▸ **The problem**
Exact copy, no pictures: repeat the data that follows.

Start of Data section

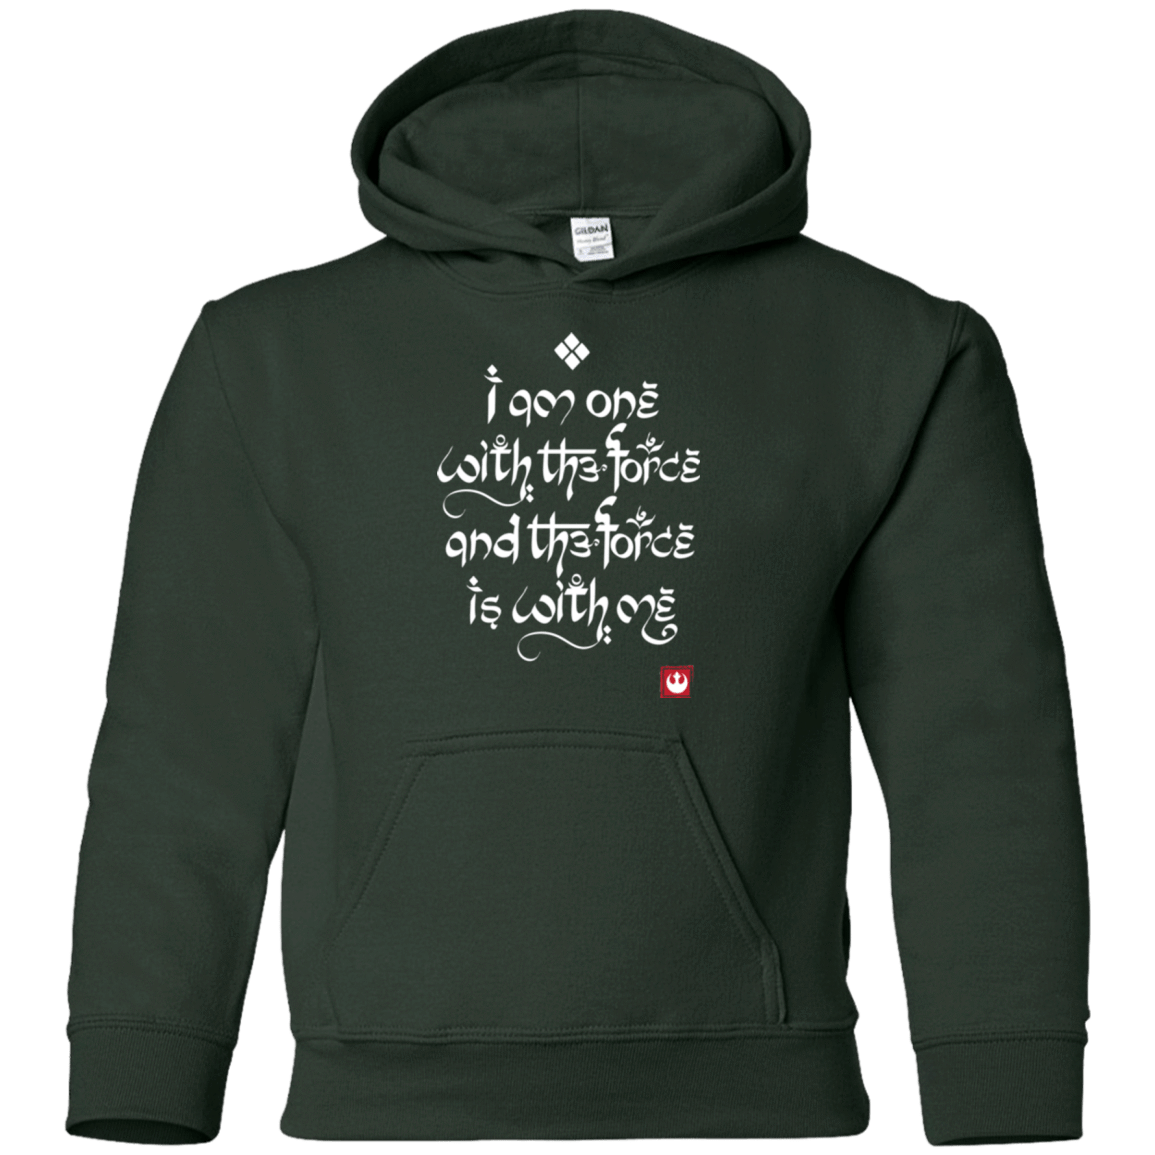 Sweatshirts Forest Green / YS Force Mantra White Youth Hoodie
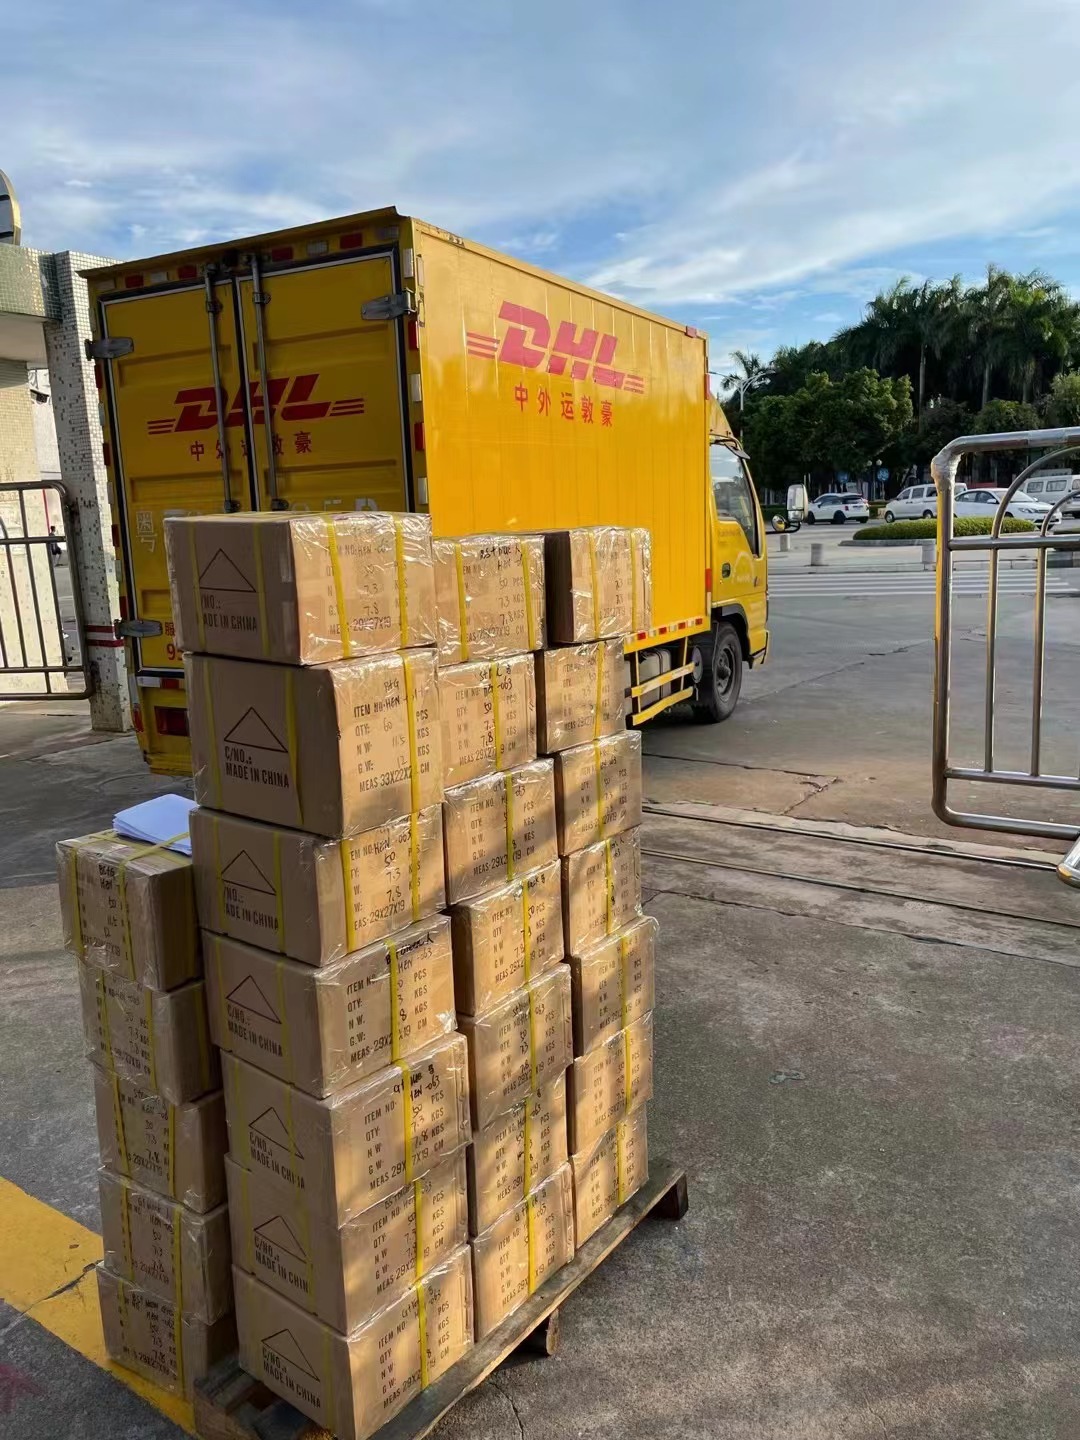 The DHL carries the products, Fast and Reassuring.
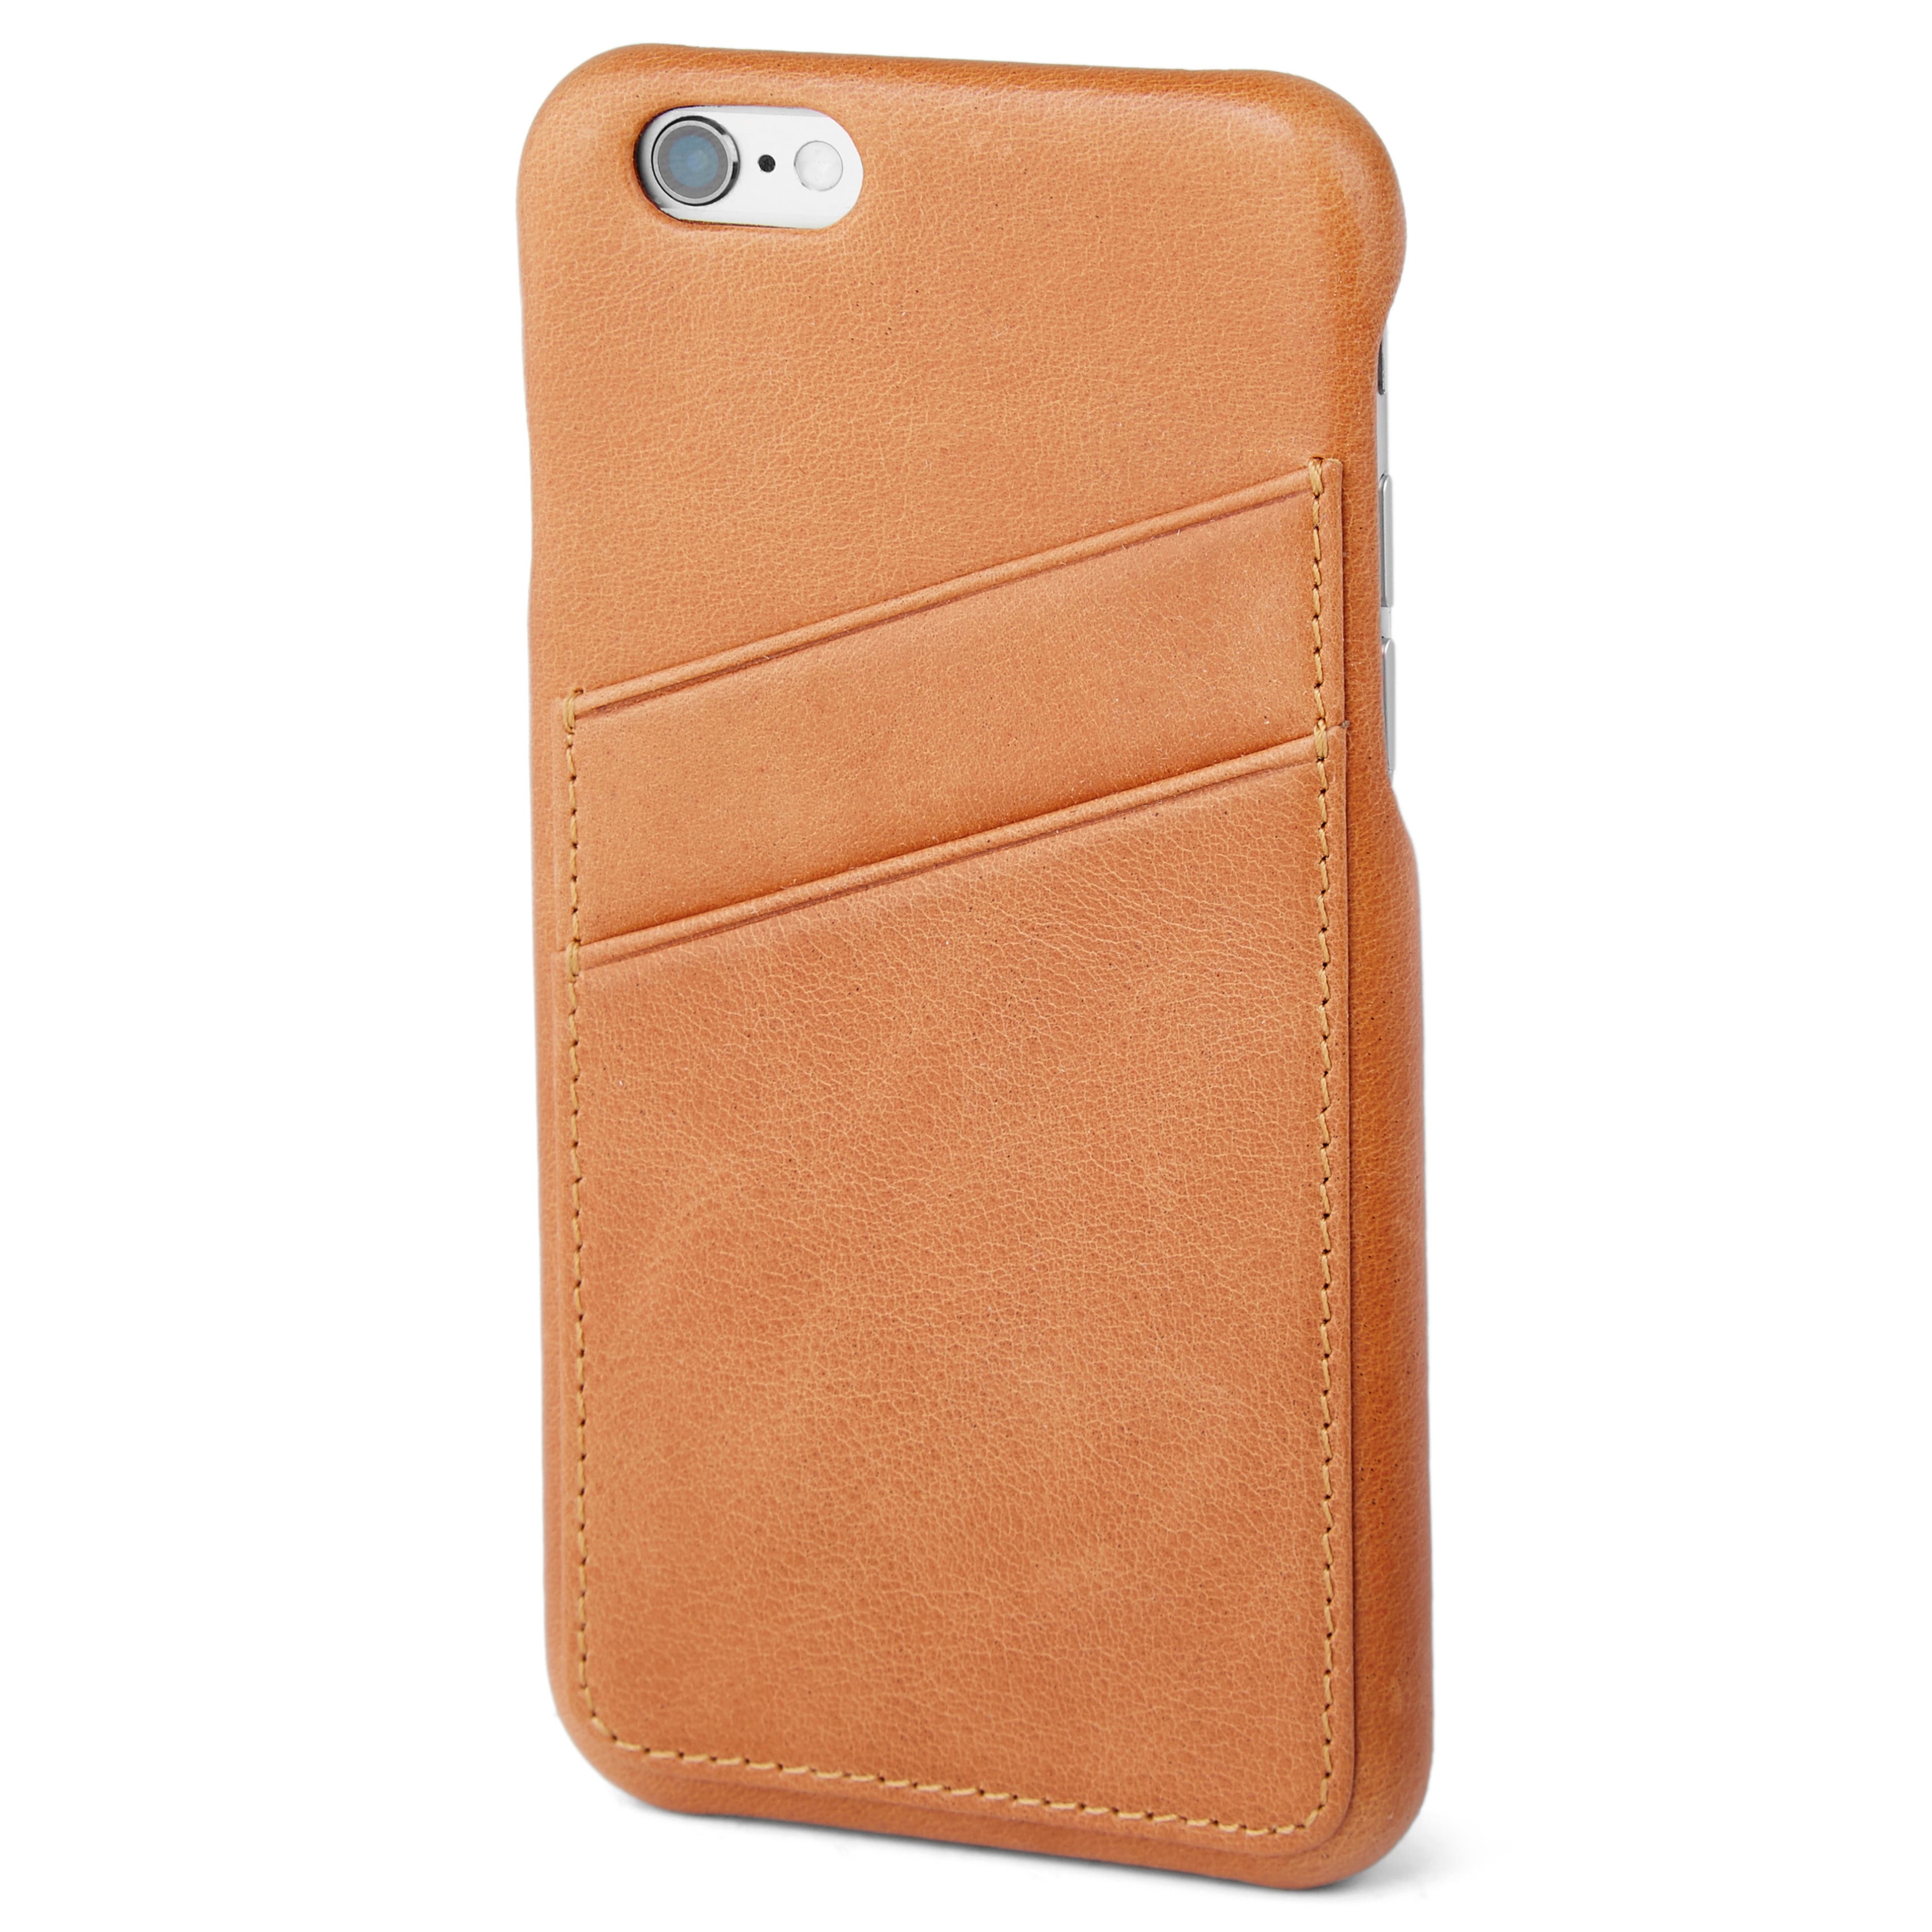 iPhone 6 Light Brown Leather Case
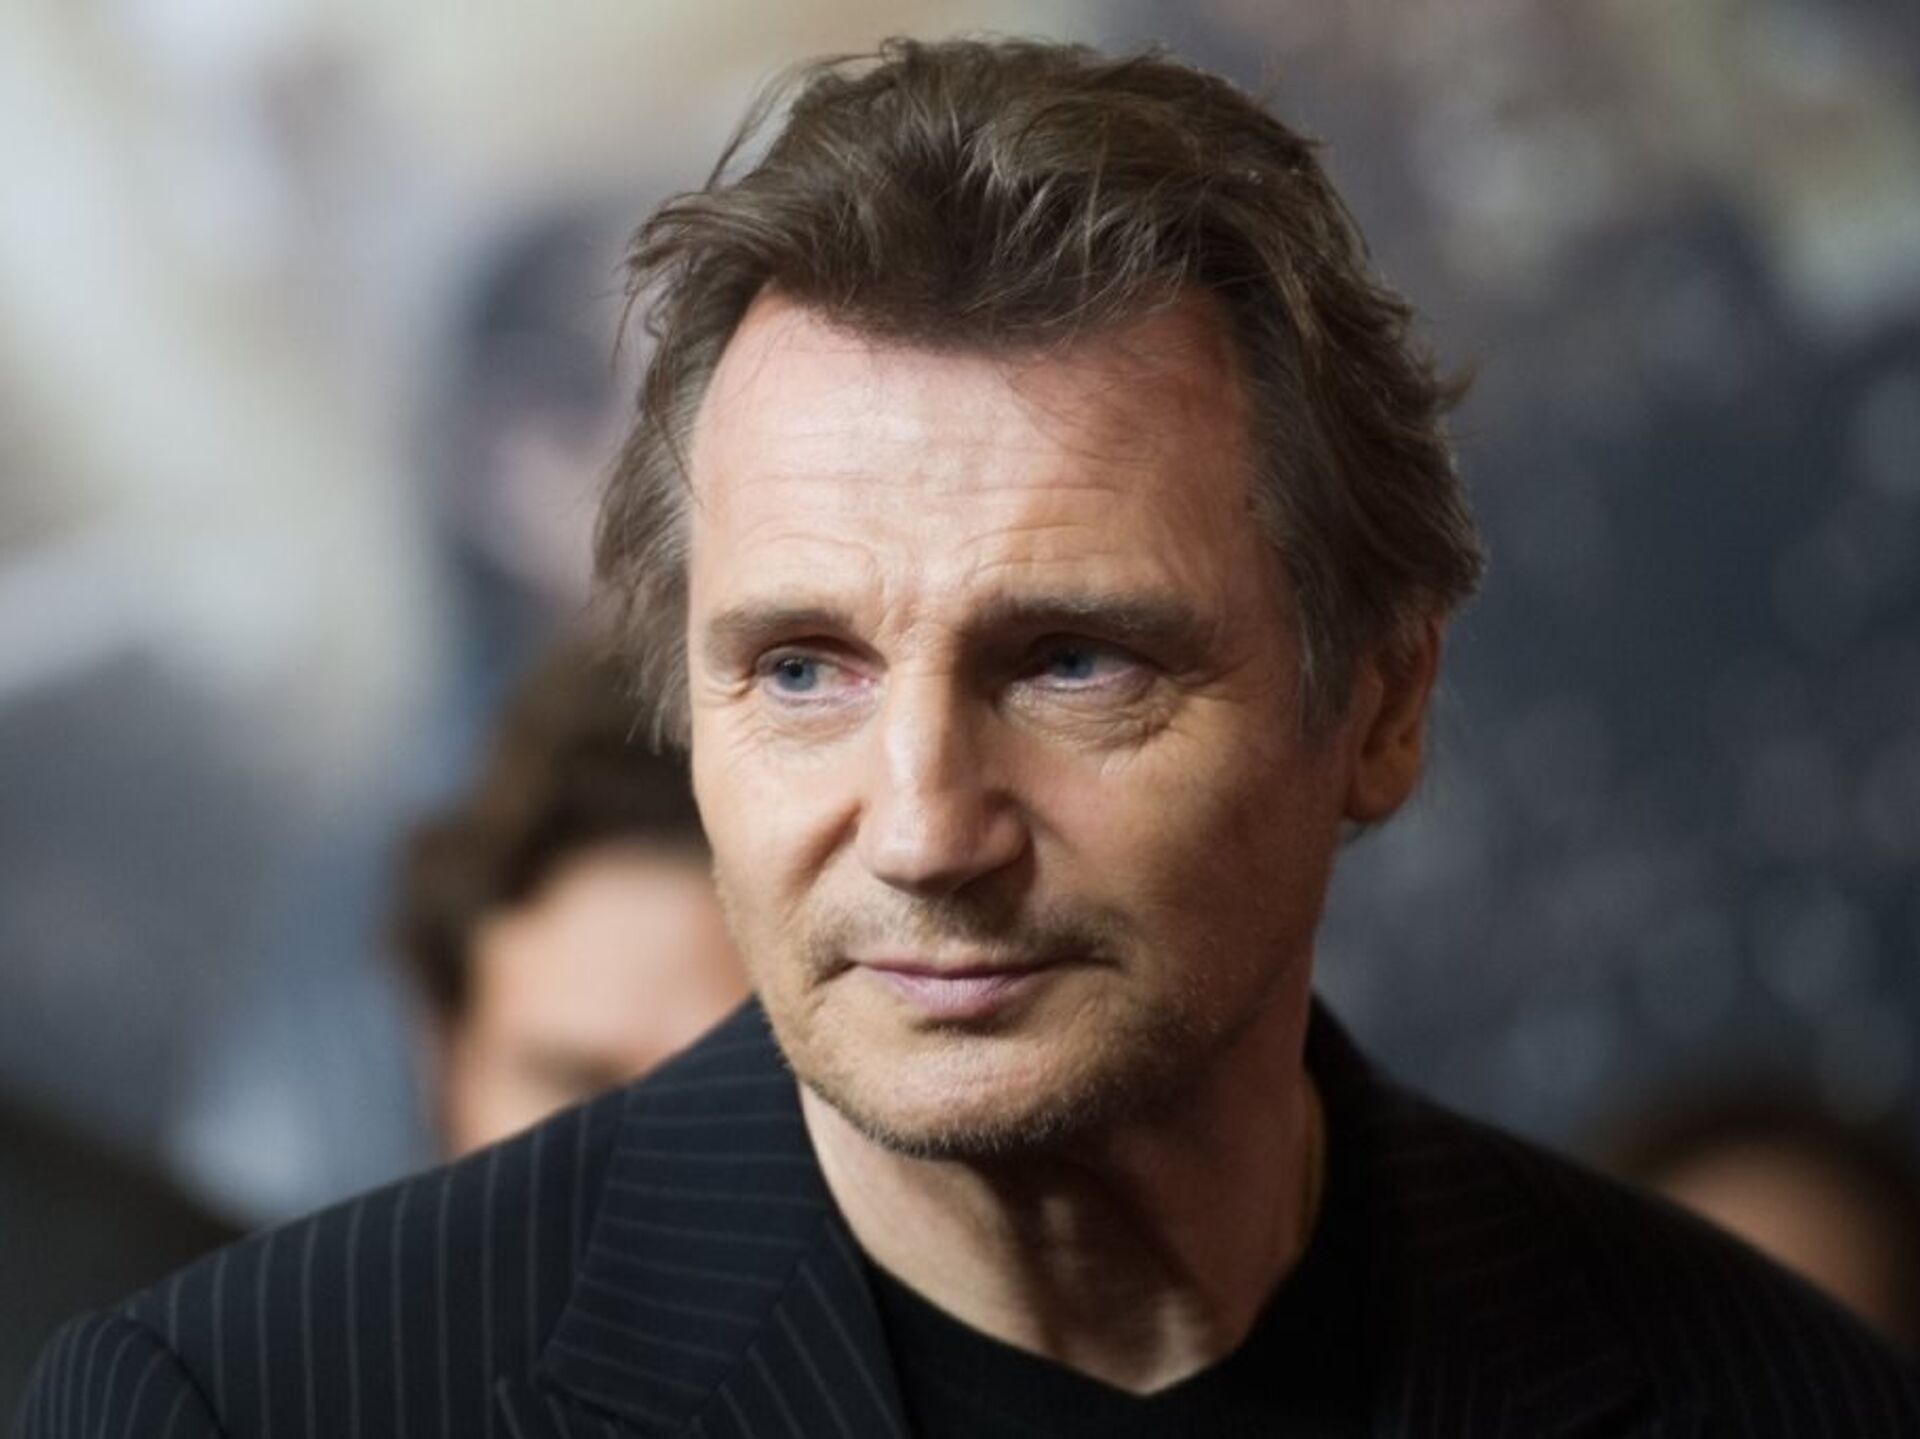 He won hearts with Schindler's List: Who is Liam Neeson?

End of Data section

▸ **Your solution**
 Sweatshirts Forest Green / YS Force Mantra White Youth Hoodie
 The DHL carries the products, Fast and Reassuring.
 iPhone 6 Light Brown Leather Case
 He won hearts with Schindler's List: Who is Liam Neeson?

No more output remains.